:: RAW DATA

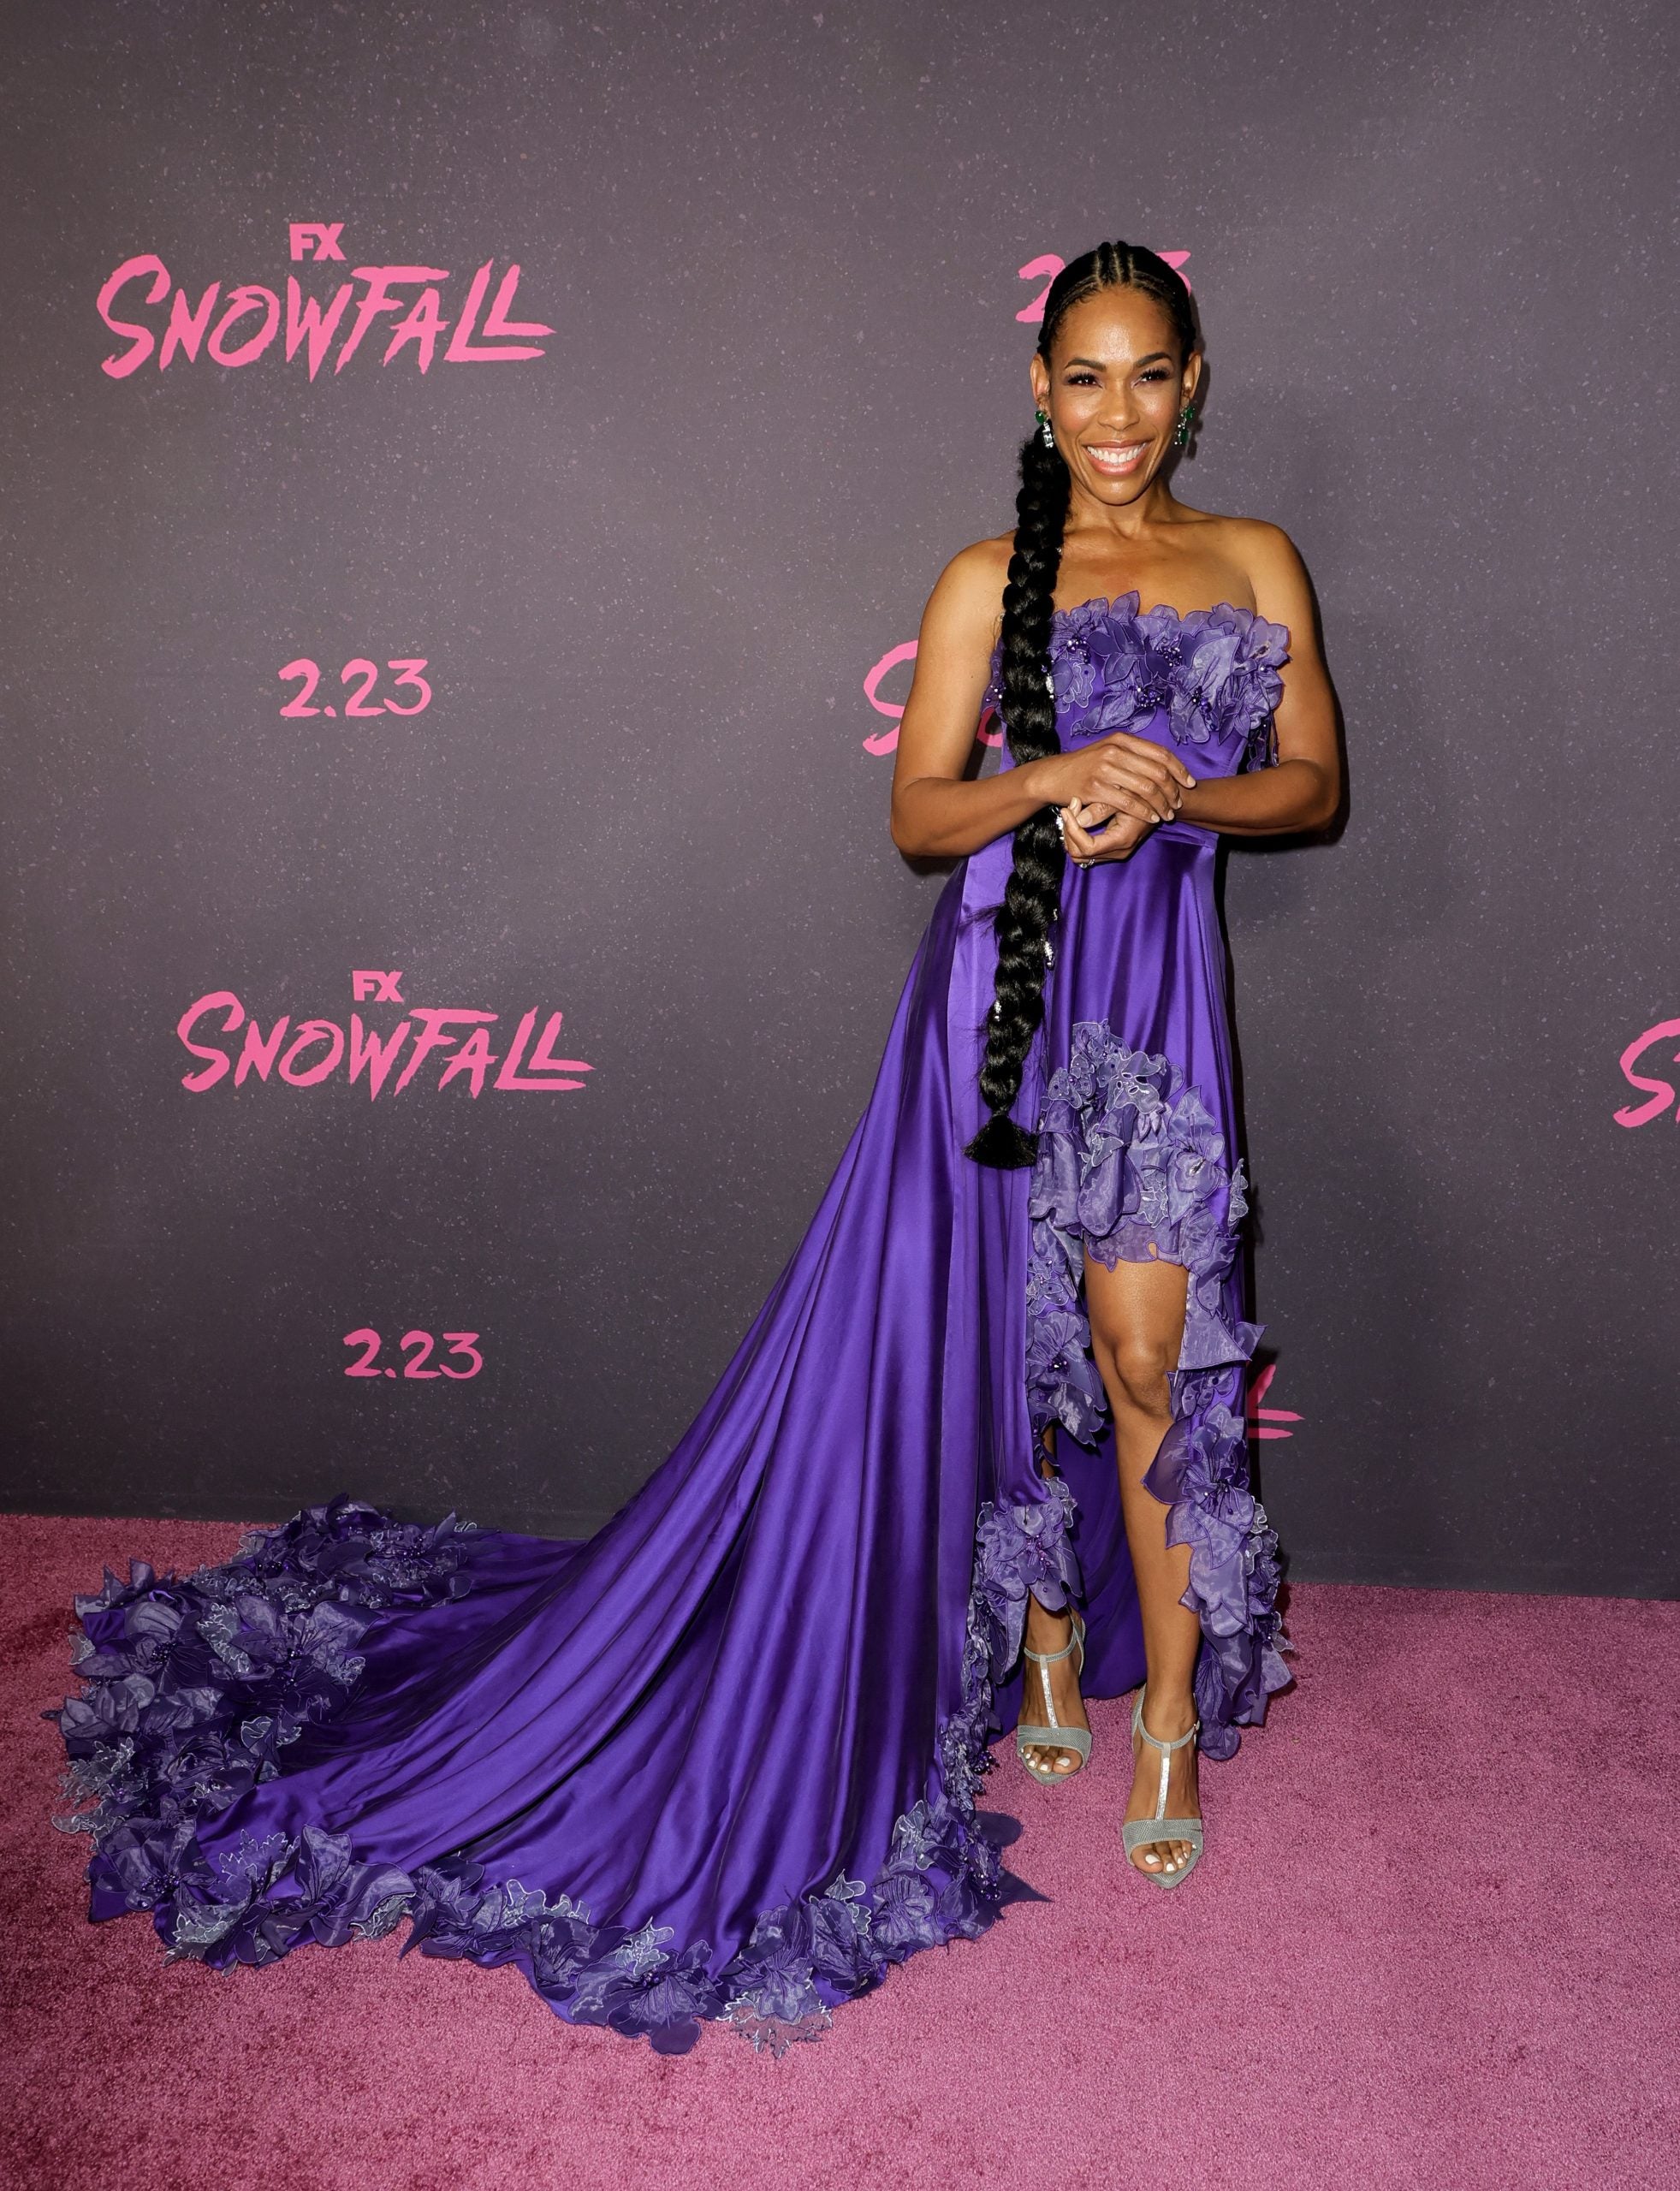 Star Gazing: The James & Curry Families Light Up All-Star Weekend, The Cast Of ‘Snowfall’ Shines On The Red Carpet & More
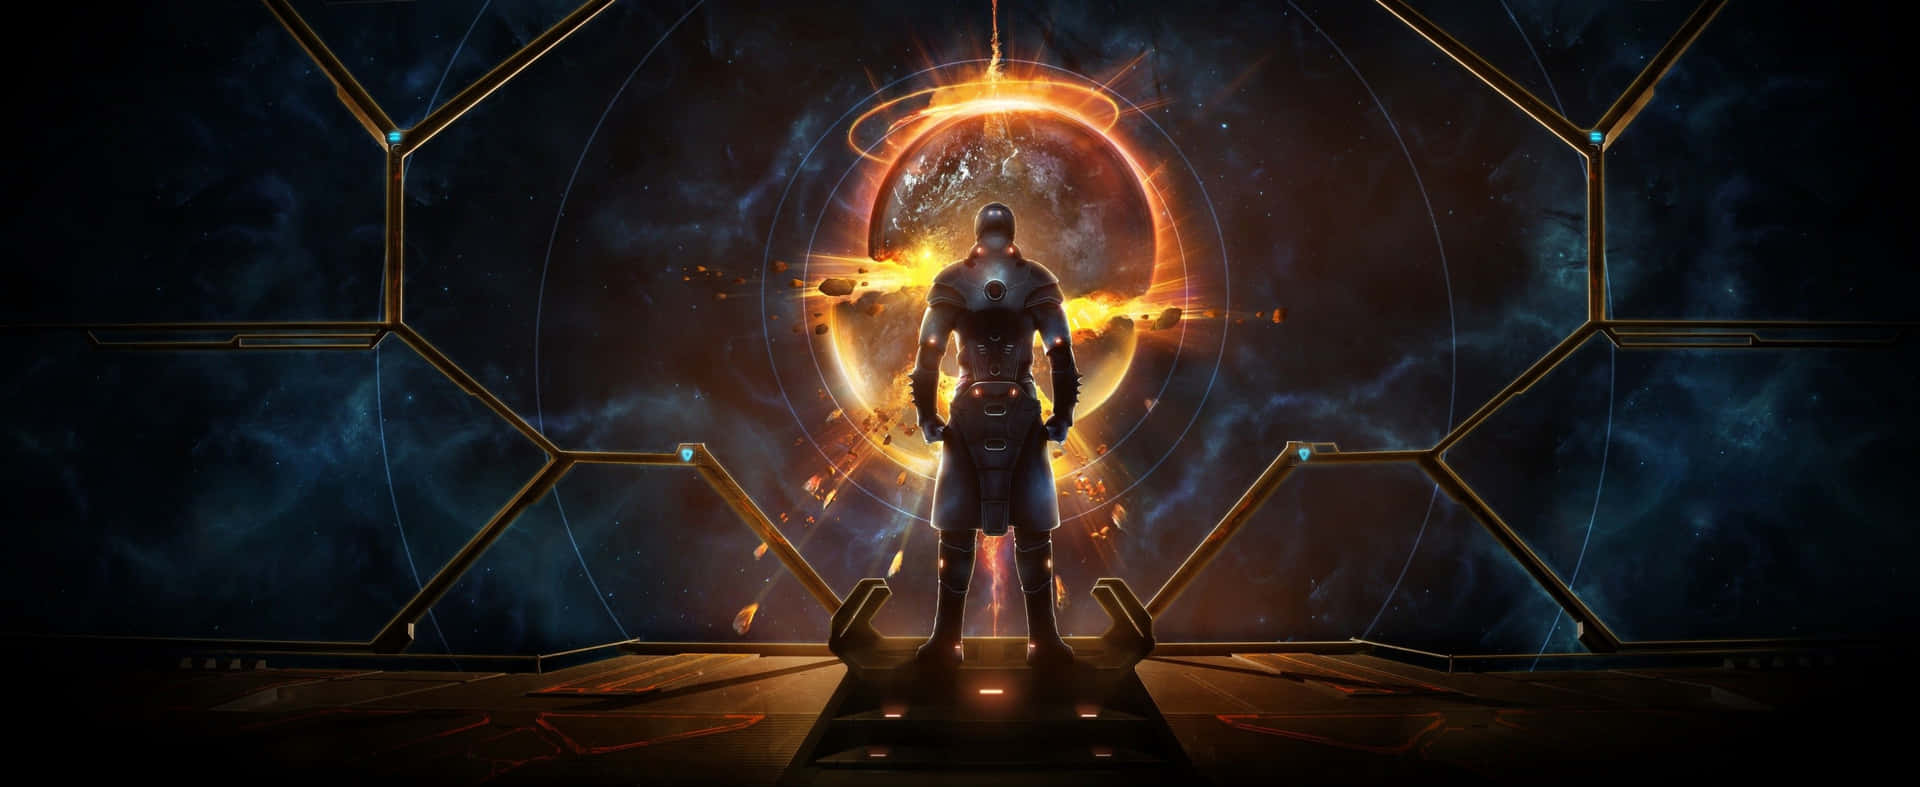 3440x1440 Game Starpoint Gemini Warlords Background
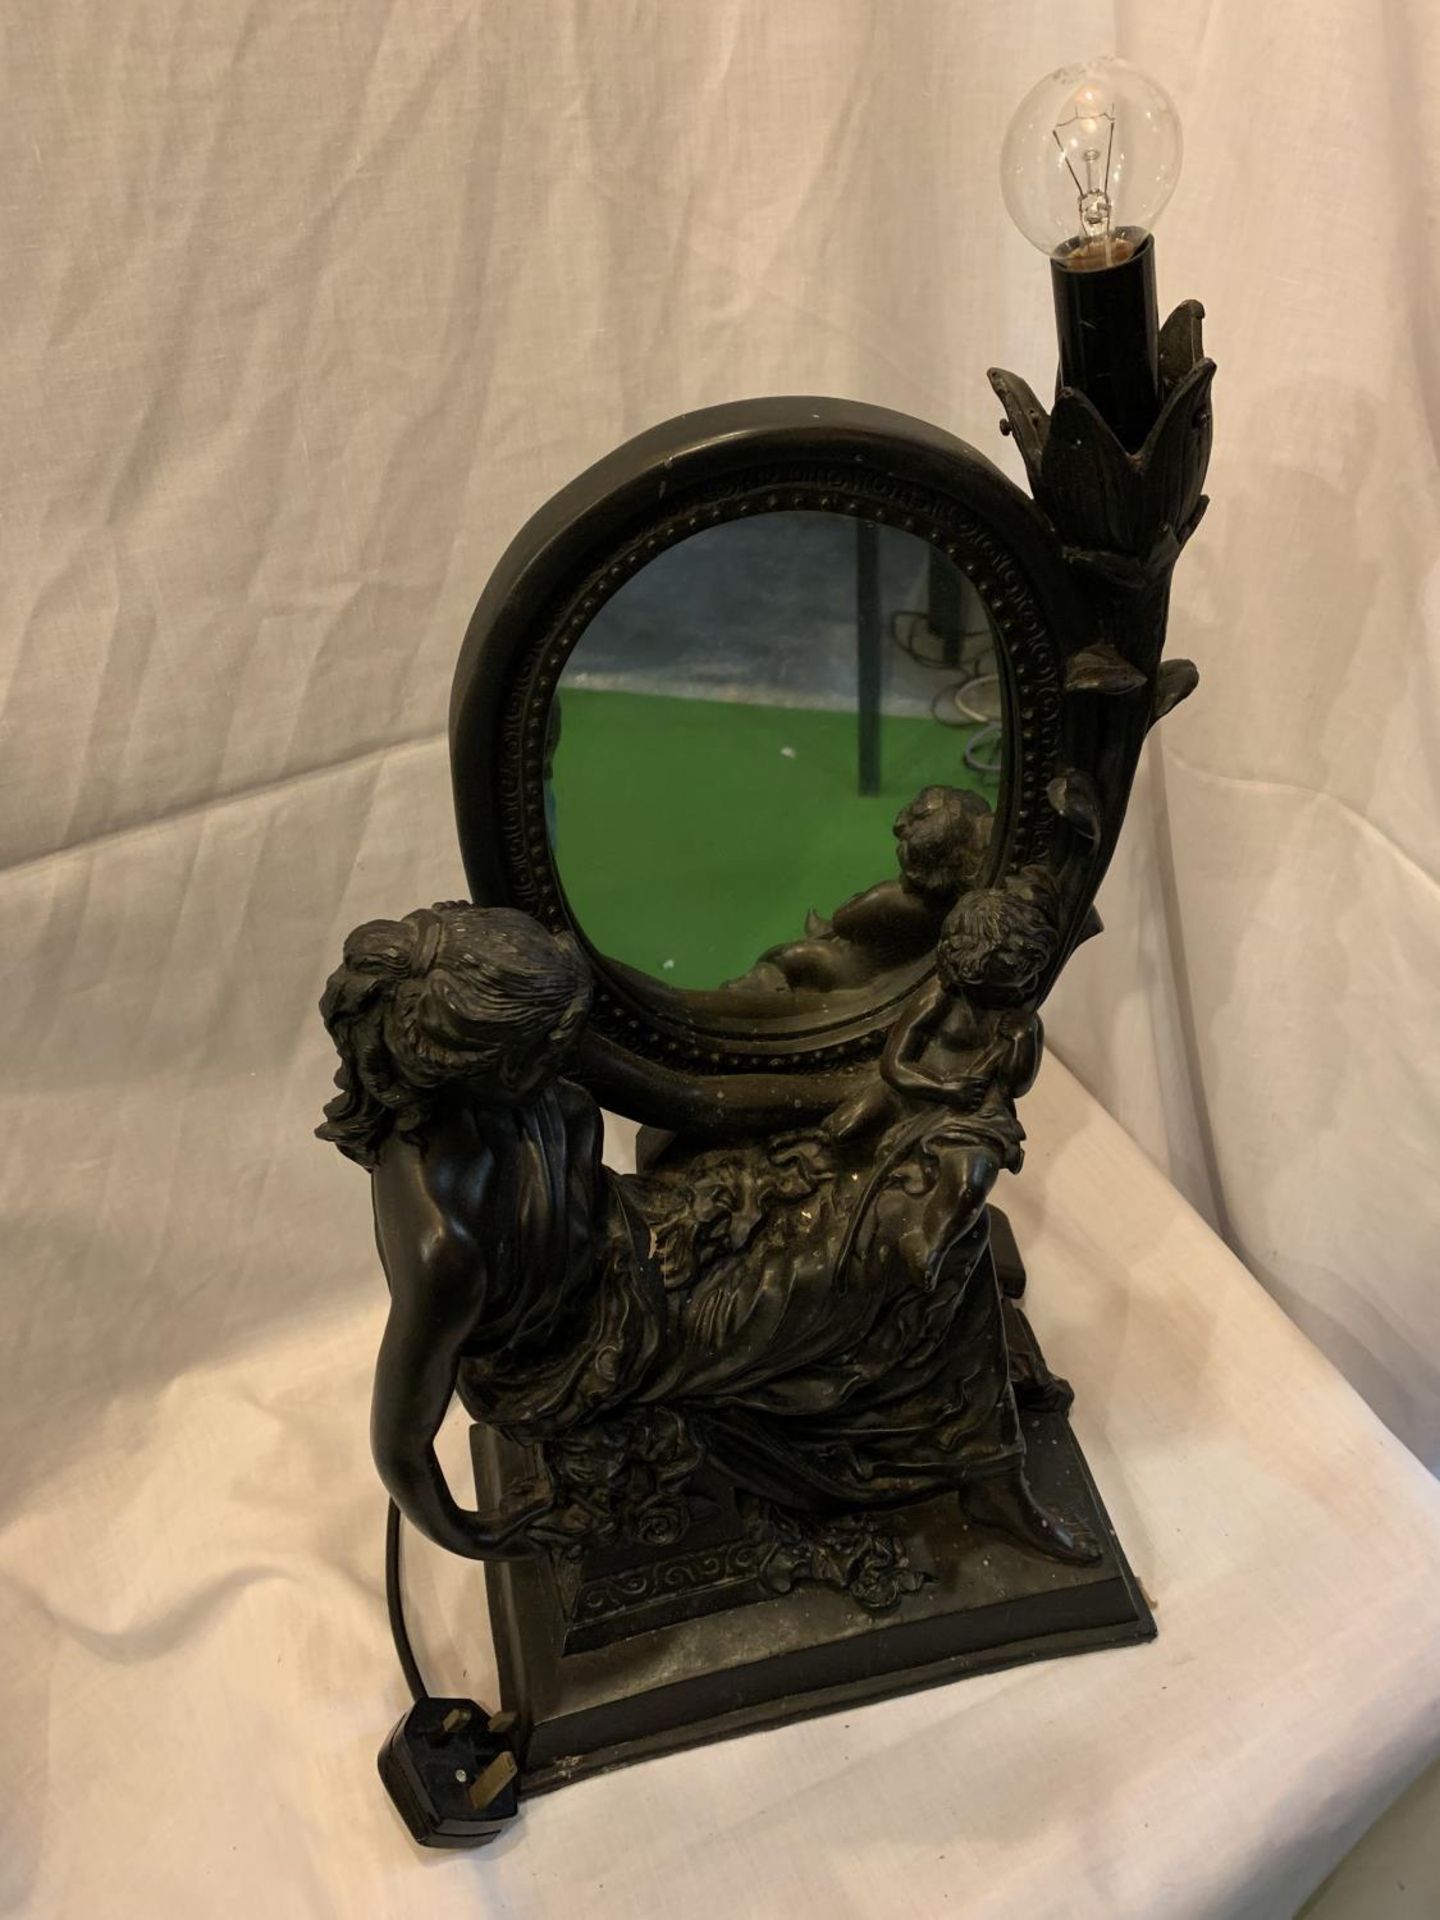 A DECORATIVE RESIN LAMP WITH MIRROR DEPICTING A MOTHER AND CHILD - Image 3 of 3

::::

AIM OF THE TASK
Transcribe the listing exactly. Its images are to be omitted.

SOLUTION TO THIS PROBLEM
 Star Gazing: The James & Curry Families Light Up All-Star Weekend, The Cast Of ‘Snowfall’ Shines On The Red Carpet & More
 3440x1440 Game Starpoint Gemini Warlords Background
 A DECORATIVE RESIN LAMP WITH MIRROR DEPICTING A MOTHER AND CHILD - Image 3 of 3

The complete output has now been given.